I seem to be still deteriorating despite all meds and would love to go into remission. I think you hit the nail on the head, you have to enjoy each good day when it happens.
Best wishes, golitho

 

 

"I give my body permission to go into remission".

LOL!  Me too.  Please soon. :)

Like most RA long-termers, I've been on lots of drugs through the years about 16 or 17, I think.  There have only been 4-5 that have put me in remission for 2-3 years, here and there.  My Family seem to have a type of RA that doesn't respond well to most drugs used for RA unfortunately.  The Docs don't know why.

In early 2005 and prior to, I had enjoyed a few years remission while on Imuran, Indo and Metho.  Early Fall of 2005, I experienced an emotional breakdown because of a death of someone Very Special to me.  One month later, I was hit with a bad case of Shingles and a month later, out of remission.

For the past 5? years, I have been on biologics.  Humira injections which didn't work for me.  Then Enbrel injections which also didn't help much.  I did have a wart on my hand and a RA nodule on my elbow.  Both disappeared which was nice. :) 

Then I was on Orencia infusions which shot my inflammation rate up.

Now I'm on Actemra infusions.  I started in June but I had to stop for July and August because of infections.  I started on Actemra again in September which is like starting all over again.  So it's been 4 months.  Six months is normally when these drugs plateau so then we know if they are working or not.  My inflammation rate did fall to 1 which is something and a bit less pain here and there.  I'm not too impressed so far though because of the chronic pain. 

I've been on Prednisone since I started flaring in 2005 which is the main thing that has helped me which is not good.  I was thinking that I may have something else like Fibro?  My Rheumy suggested Remicade next but they kill the B-cells.    He also mentioned going back on the gold injections which worked before.  I'm Really tired of this cat and mouse game.

Like I said, I'm in the minority concerning the bios not working.  I definitely wish you Good Luck with them Crazy if you need to go there and anyone else, as they do work for most. 

Oh and my Hubby snores sometimes also, so I head for the couch.  I've rock and rolled most of my years with RA so I don't need a buzz saw echoing in my ear.  Glad that you Guys can get some sleep.    

  

Crazy-
Not sure if your post is a wake up call for me.
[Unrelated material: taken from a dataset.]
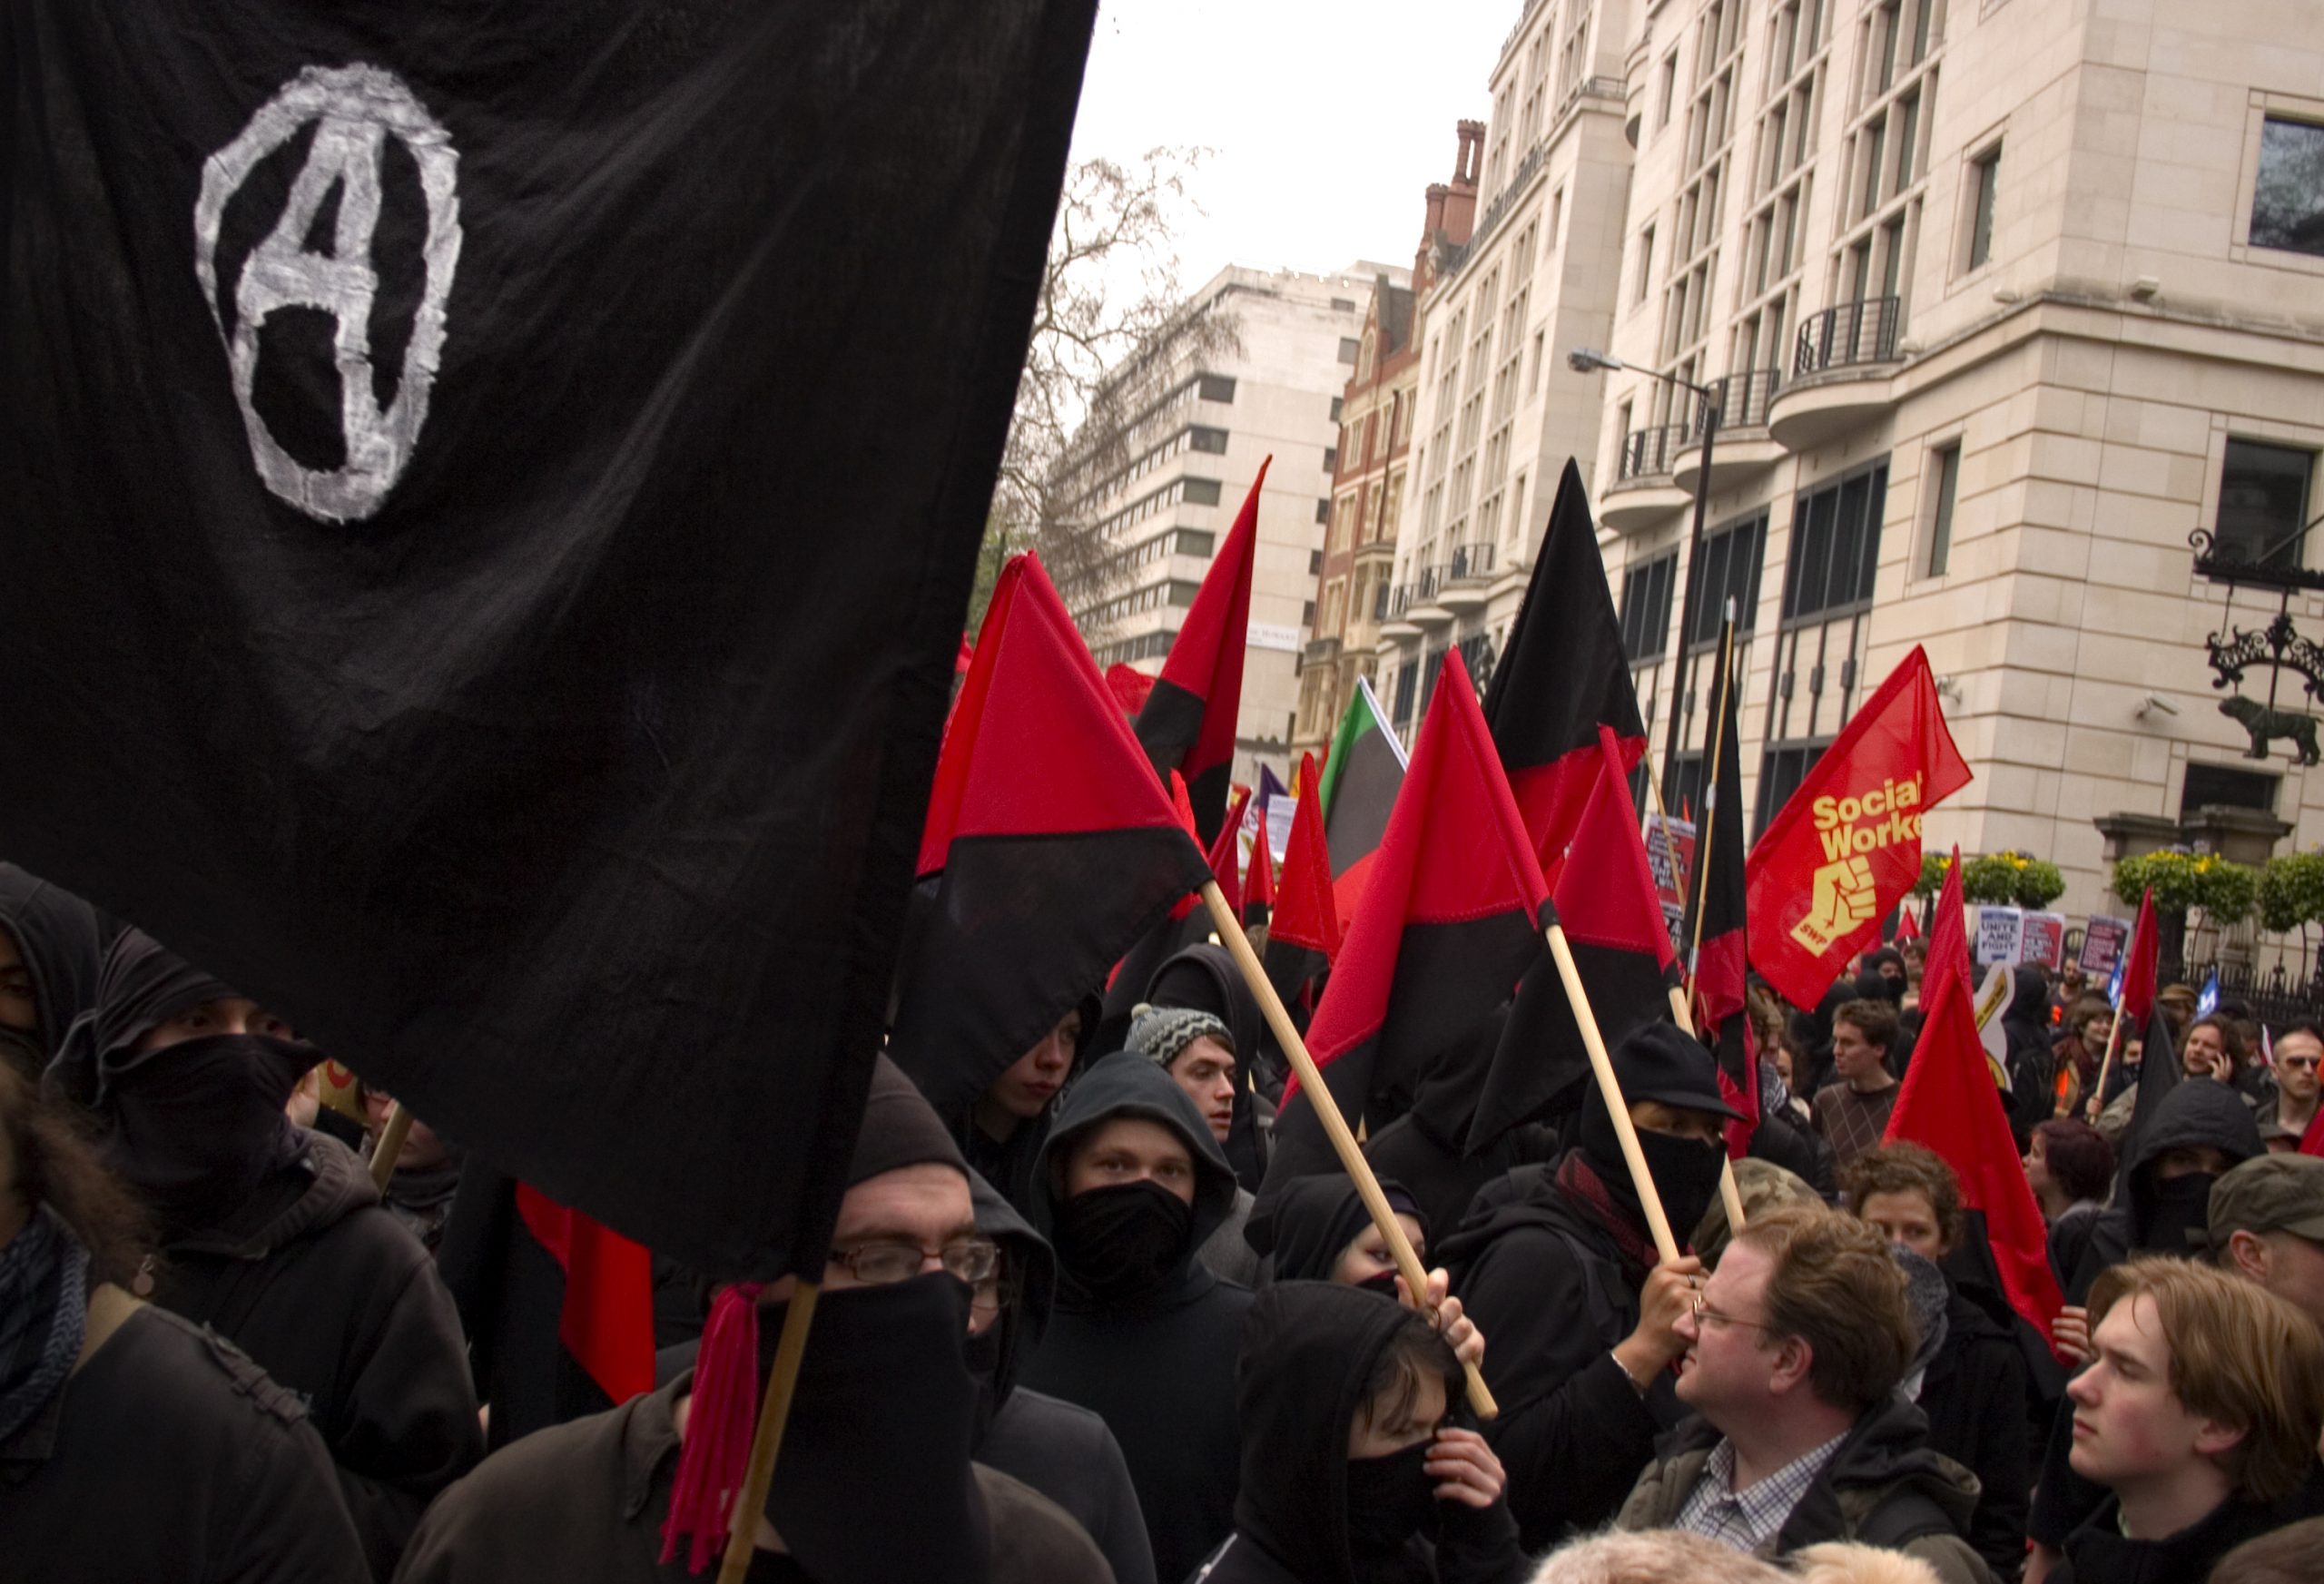 Protest featuring anarchist and socialist flags.
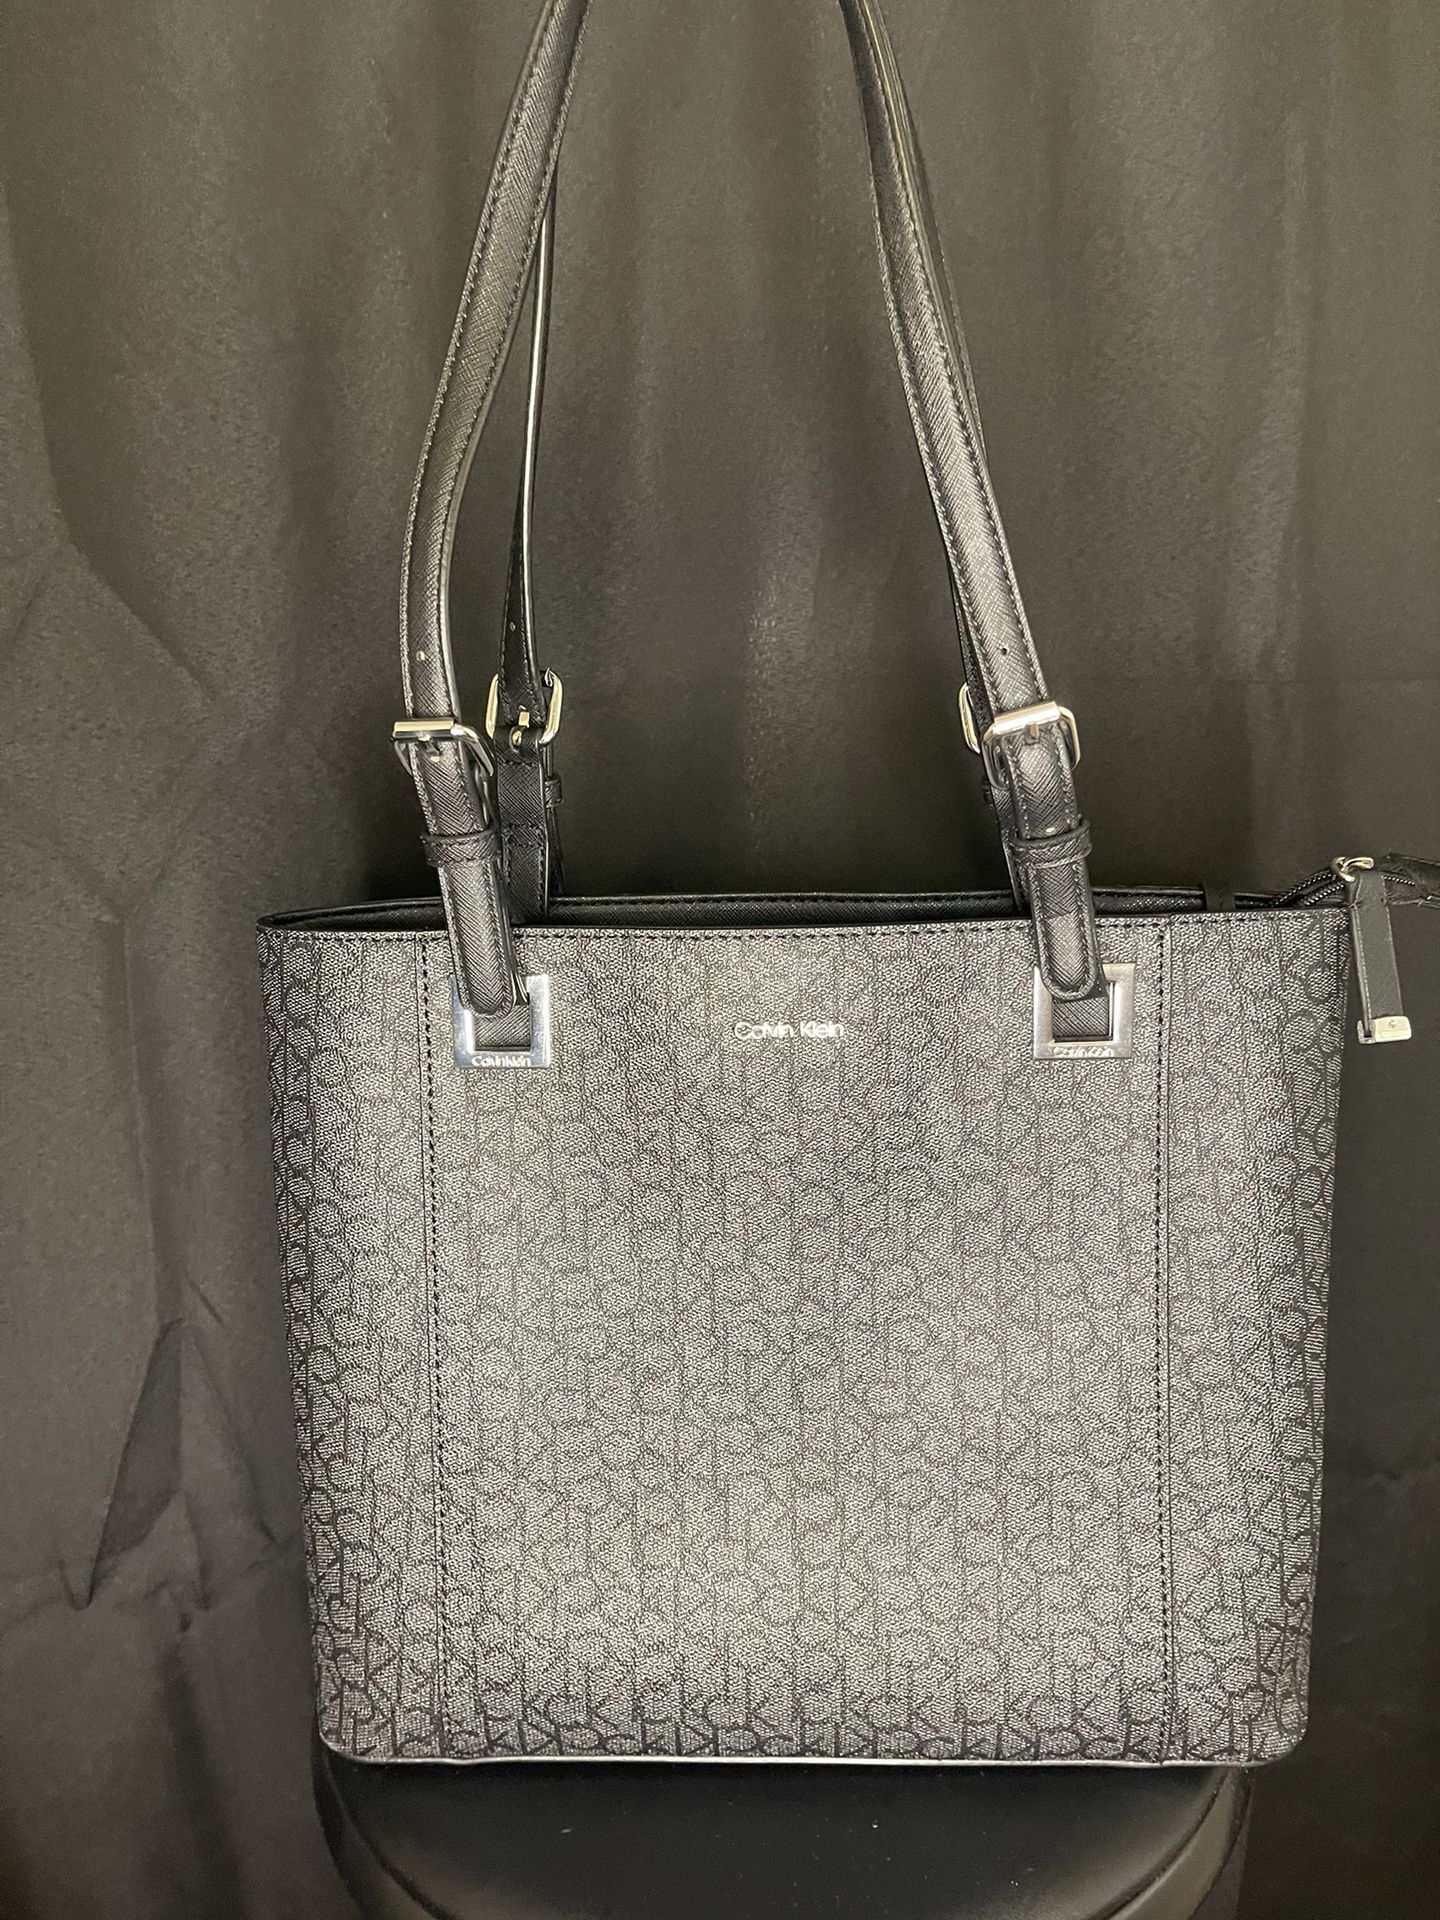 Calvin Klein Women's Black Tote bag for Sale in Charlotte, NC - OfferUp

I have been off all meds for a year, in a remission per my doctor- feeling like maybe I never had RA after all even though I lived through a horrific onset. lately it feels like it's creeping back but he says he doesn't see it.
Is it all going to come crashing down like it did for you?
Oh I hope not.

Much success to you in attaining remission once more!

  Yes indeed Golitho, we all deserve a remission this year.   Ugh!   I have a feeling that I’m going to get another diagnosis in 2012.   I won’t complain today though.   After a few hours of annoying pain, I feel Better now.   I’m on so many drugs that I’m not sure which ones are helping.   I’m thinking it’s the depo Medrol injection.   It would be Nice if it was the Actemra.   It could be that the weather is nicer today too.   As far as the run around, that’s just something that we’ve got to do right?   Shucks, you are similar to me then.   I even had an ovary removed but that was when I was younger.   That’s interesting that the Humira stopped working for you after the removal.   I’m happy that the Humira started working for you again, so that you could get off the Pred.   That’s a Plus/Plus.   Good for you and keep it up.   I read something about Remicade that can affect the intestines, I think.   More questions!   Y es and it’s weird what can happen to the human body in the first place.       I want a new body.